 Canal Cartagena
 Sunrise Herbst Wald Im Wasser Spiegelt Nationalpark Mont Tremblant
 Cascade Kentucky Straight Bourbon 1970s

==

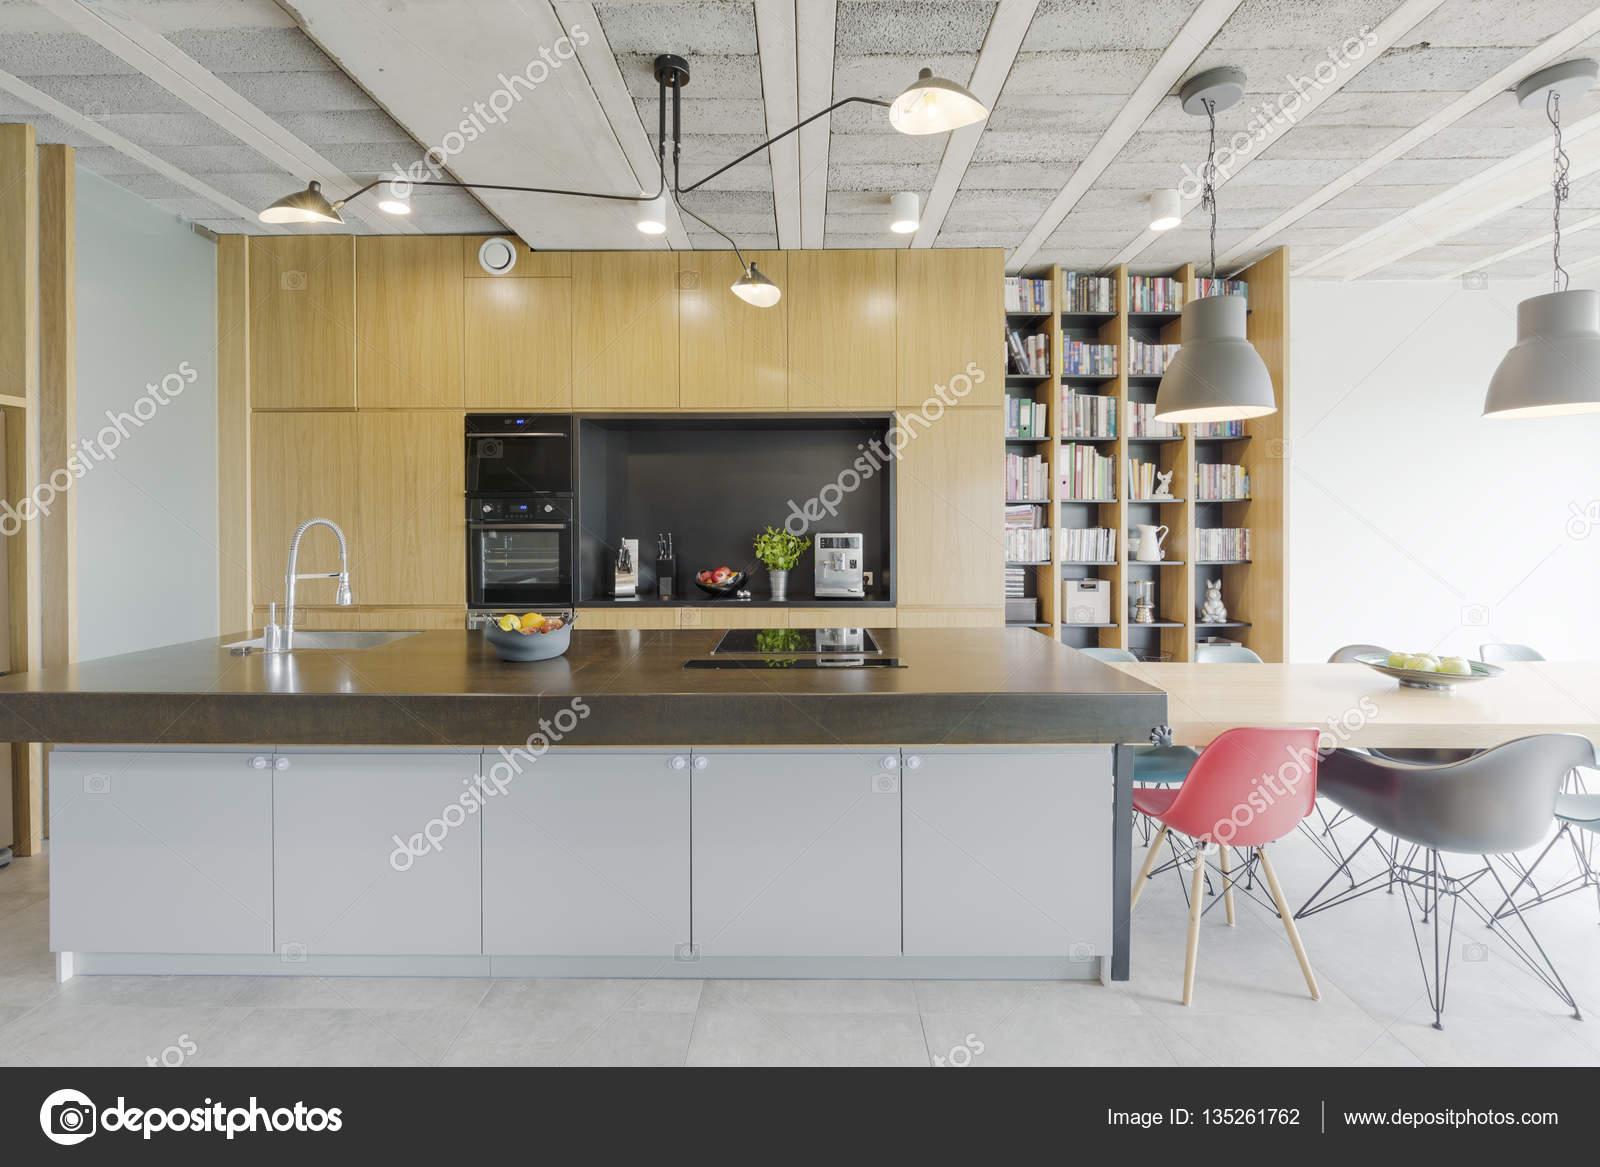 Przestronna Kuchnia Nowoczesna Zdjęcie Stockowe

ACTION ITEM: Repeat word for word the lines above that run from the line containing "Canal Cartagena" through the line containing "Cascade Kentucky Straight Bourbon 1970s", both ends included, and nothing else.

PROBLEM SOLUTION:
 Canal Cartagena
 Sunrise Herbst Wald Im Wasser Spiegelt Nationalpark Mont Tremblant
 Cascade Kentucky Straight Bourbon 1970s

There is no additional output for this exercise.